There is no disputing that the state of the economy is a major factor in the reelection equation for any president. That is not to say a good economy guarantees a president a second term or a bad economy is always fatal, but the economy is always important. A recession is obviously the mortal fear of presidents; the last to face one during a reelection was Jimmy Carter, and we know how that ended up.

The U.S. economy behaved something like a yo-yo this past year: Real gross-domestic-product growth was 2.2 percent in the first quarter, an incredibly high 4.2 percent in the second quarter, a strong 3.4 percent in the 3rd quarter, and, according to the Blue Chip Economic Indicators January survey of 49 top economists, will have grown about 2.7 percent for the final quarter of last year. So for 2018, the U.S. economy looks likely to have grown about 3.2 percent.

Will there be a recession before the 2020 election? The Blue Chip survey found that 25 percent of economists thought there would be a recession in 2019, climbing to 37 percent for 2020. The December National Association for Business Economics poll of 53 professional forecasters was a bit more cautious, putting the chances of a 2019 recession at 20 percent and 30 percent for 2020. Interestingly, of the 49 economists surveyed by Blue Chip, the 10 most optimistic put the chances of a recession in 2019 and 2020 at 12.5 and 19.3 percent, respectively, while the 10 most pessimistic put the chances at 19.3 percent and 58.5 percent for the two years.

But let’s assume that the pessimists are wrong, that there is not a recession either this year or next—in other words, before the November 2020 election. Even stipulating that, few economists doubt the premise that the economy will be slower in 2019 than it was in 2018, and most believe that 2020 will be even slower. The Blue Chip panel of economic forecasters projected a 2.2 percent growth rate for the first quarter of 2019, 2.5 percent for the second quarter, 2.2 percent for the third quarter, and 2.0 percent for the fourth quarter—a substantially slower rate than 2018. For 2020, the consensus forecast is for 1.7 percent in the first quarter, 1.6 percent in the second quarter, 1.5 percent in the third quarter, and 1.6 percent for the fourth quarter.
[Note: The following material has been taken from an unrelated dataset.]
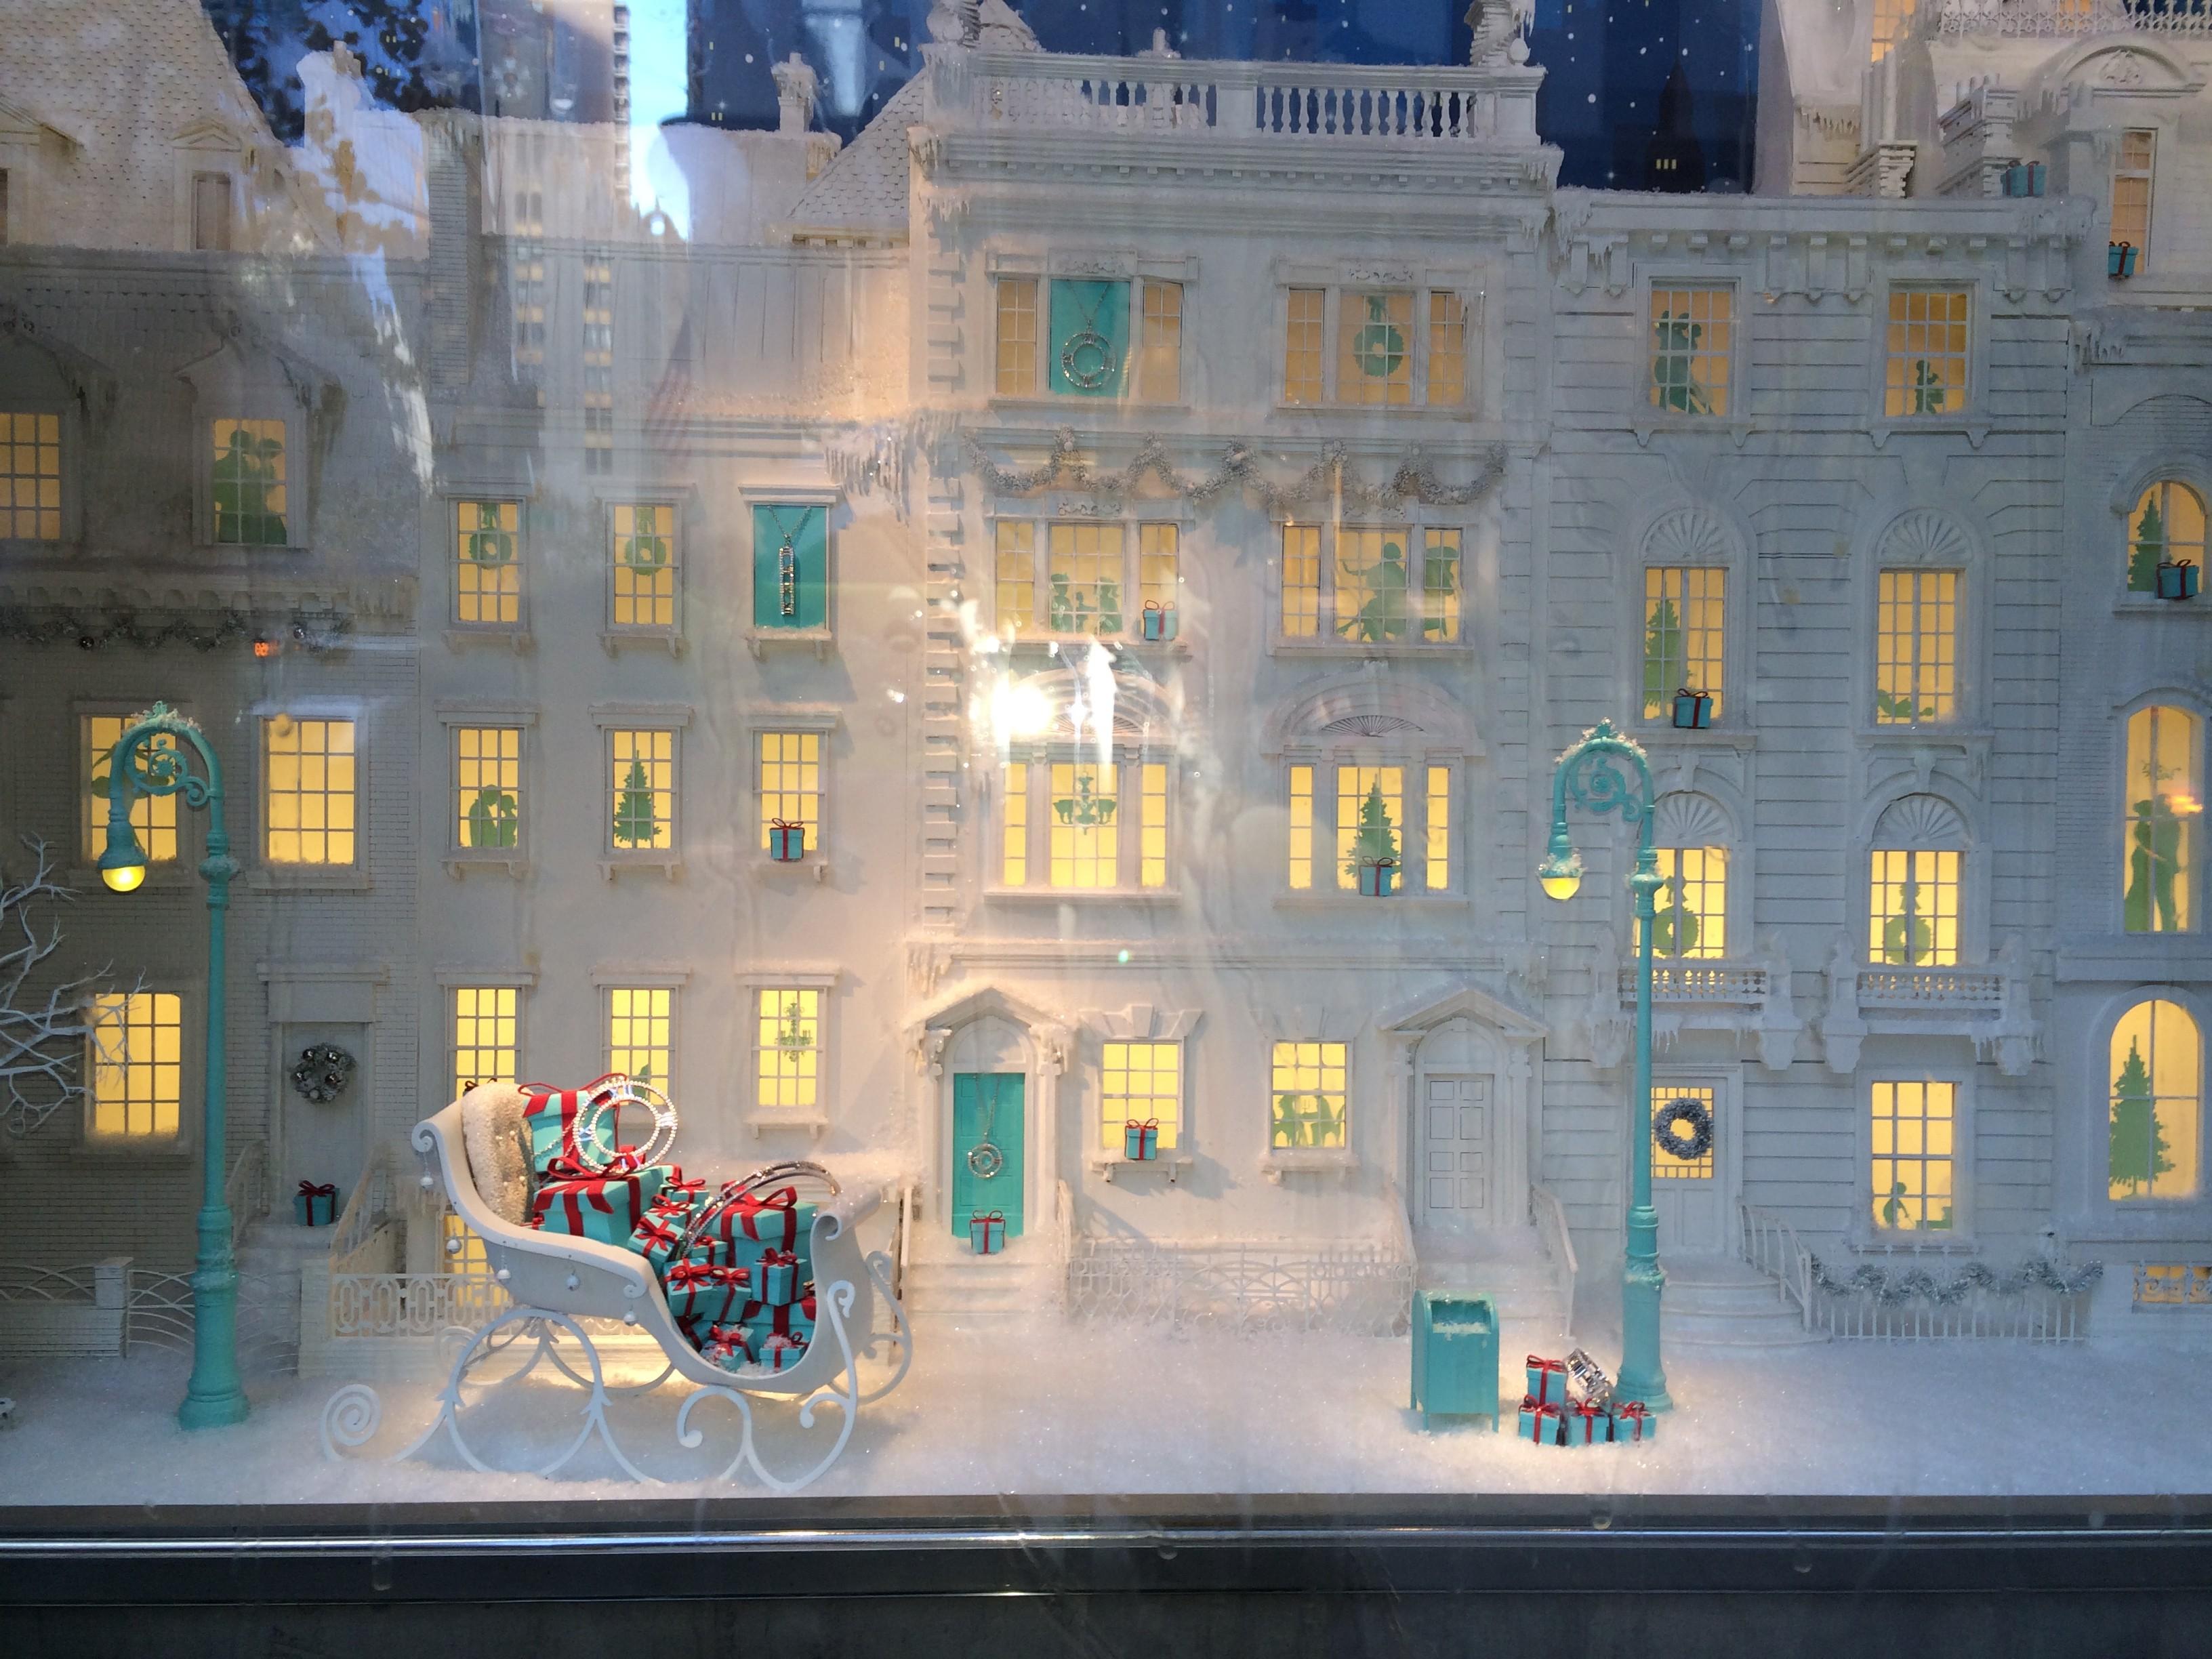 Tiffany's, 5th Avenue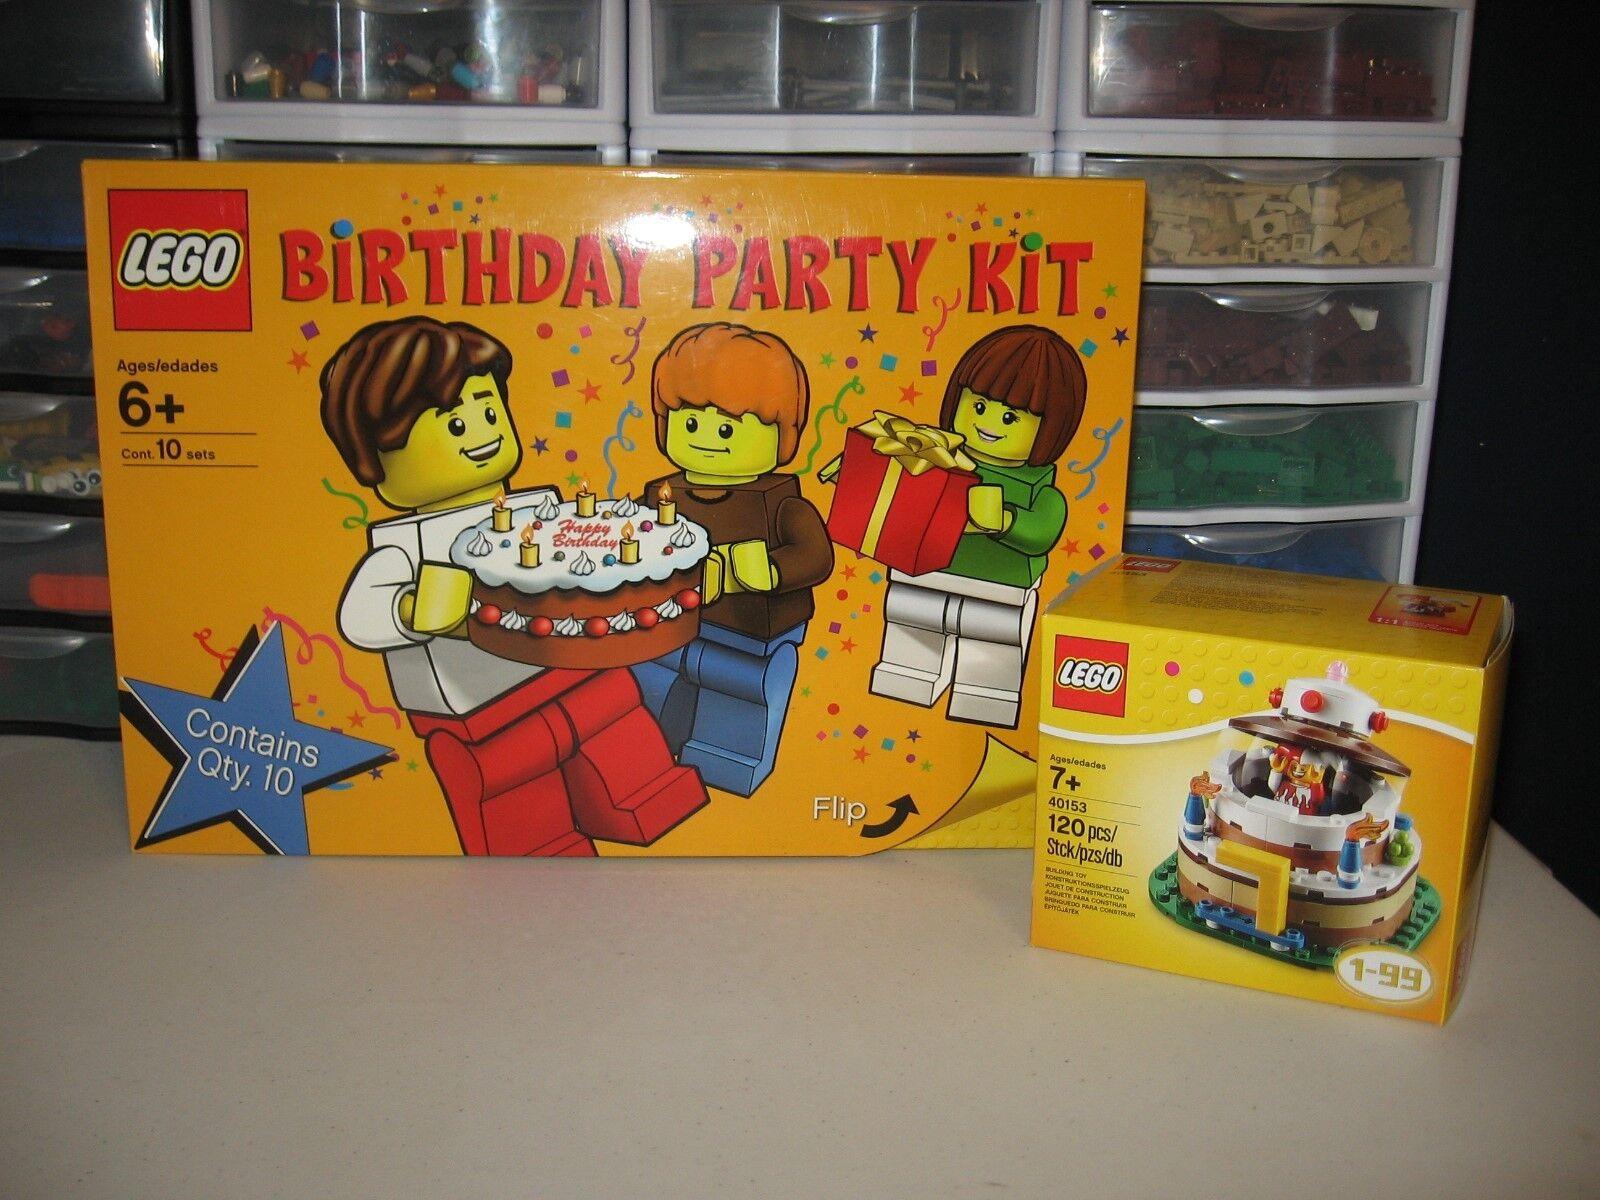 LEGO LEGO LEGO BIRTHDAY PARTY KIT FOR 10 AND LEGO BIRTHDAY TABLE TOP CAKE NIB 813f58

In the Federal Reserve Board’s Federal Open Market Committee Dec. 18-19 meeting, each of the FOMC members had to submit their own forecasts of economic growth. The average forecast was for 2.3 percent growth for 2019: The lowest was 2.0 percent, and the highest was 2.7 percent. For 2020, the average forecast was 2.0, the lowest was 1.5 percent, and the highest 2.2 percent.

The point of all of this is not to bury readers in data but to show that the best economists in the country virtually all agree that the economy is going to be slowing down this year and next, and even the most optimistic ones believe there will be a slowdown, though short of a recession. History shows that the better the economy, the better a president’s chances of reelection—and that the direction of the arrow is important. An improving economy creates hope and good feelings; a slowing one creates concern if not fear.

Listening last week to The Carlyle Group’s David Rubenstein interviewing Fed Chair Jerome Powell at the Economics Club of Washington, one couldn’t help but be impressed by Powell and reassured by his steady hand on the monetary-policy tiller with choppy seas ahead. While the Fed is technically not a fourth branch of government, in many ways it is, and it's arguably the one that in recent decades has been the best run. We’ve had some awfully impressive people sitting in that chair, from Alan Greenspan and Ben Bernanke to Janet Yellen and now Powell.

One can debate whether we should have passed the 2017 tax cuts, but it is hard to argue with the proposition that they gave the U.S. economy a sugar high that we are now coming down from. Combine that with a slowing world economy, trade wars, scandals, and political dysfunction, and you have a situation that ought to be keeping President Trump up at night. None of these things is likely to erode the 35 percent of the electorate that constitutes Trump’s base, just as nothing could lure the 45 percent adamant opposition into his corner. But—thanks in part to the economy—his ability to win enough of the fifth of voters who may be up for grabs is increasingly in doubt.